# Benchmarks
4.8.0 adds two benchmark suites plus a load-sampling example. All three are dev-only (not shipped in release builds) and pick up no new runtime dependencies.
## `cargo bench --bench routing` — pure-CPU routing cost
Microbenchmarks for `RuleSet::find_matched` in isolation — no HTTP, no tokio, no file I/O. Three scenarios (first-rule hit, last-rule hit, miss-all-specific-rules), parametrised over rule-set sizes of 1 / 10 / 100.
Use this when you're changing the matcher (new `RuleOp`, prefix handling, etc.) and want a sub-microsecond-resolution answer to "did my change help or hurt?". Finishes in under a minute.

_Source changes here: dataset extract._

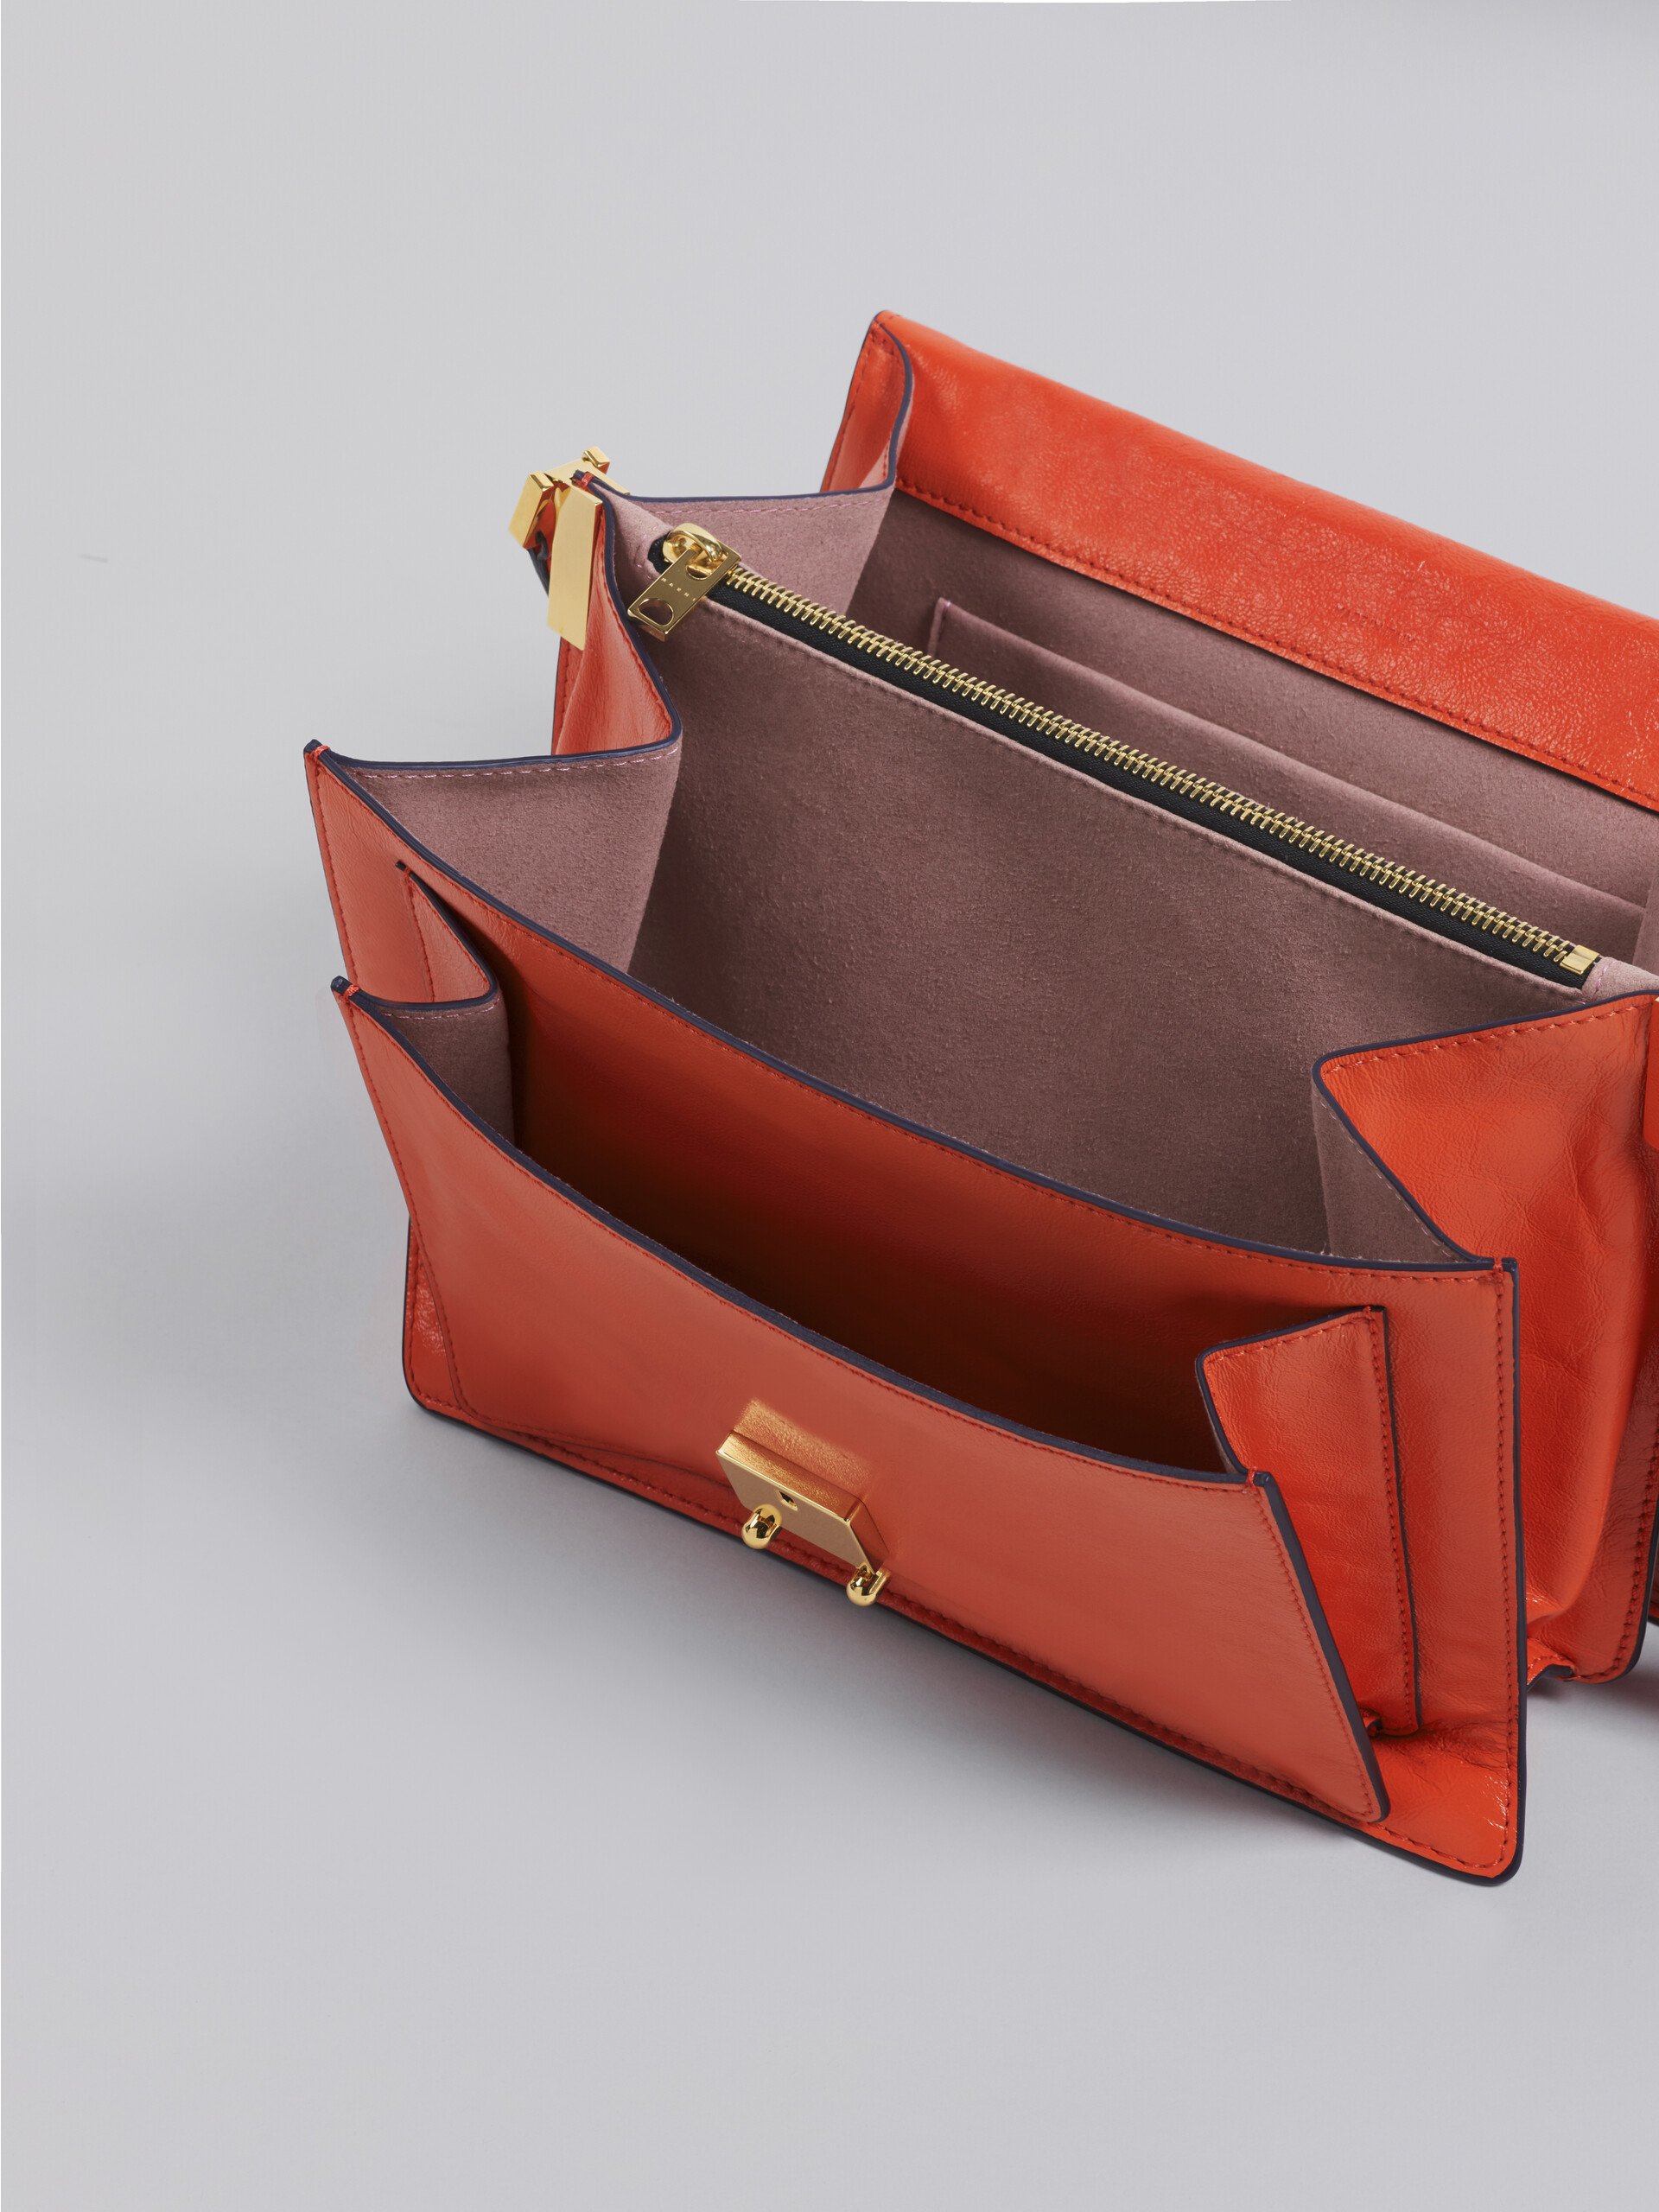 TRUNK SOFT large bag in orange leather - Shoulder Bag - Image 3

## `cargo bench --bench response_latency` — end-to-end HTTP latency
Stands up a real apimock server on a random port once per run, then benches five response kinds through a reqwest client:
| `text_rule` | Static text response from a rule — no file I/O after startup. |
| `status_rule` | Status-only response — the shortest response path. |
| `file_rule_warm` | File-backed rule, page cache warm — steady-state real-world latency. |
| `dyn_route_fallback` | Zero-config "just drop JSON in a folder" path. |
| `not_found` | 404 path — worth tracking separately because misconfigured clients hit this a lot. |
The gap between `text_rule` and `file_rule_warm` is the honest measure of "file I/O cost per request" — instead of inventing an artificial I/O microbench we expose it where it actually shows up.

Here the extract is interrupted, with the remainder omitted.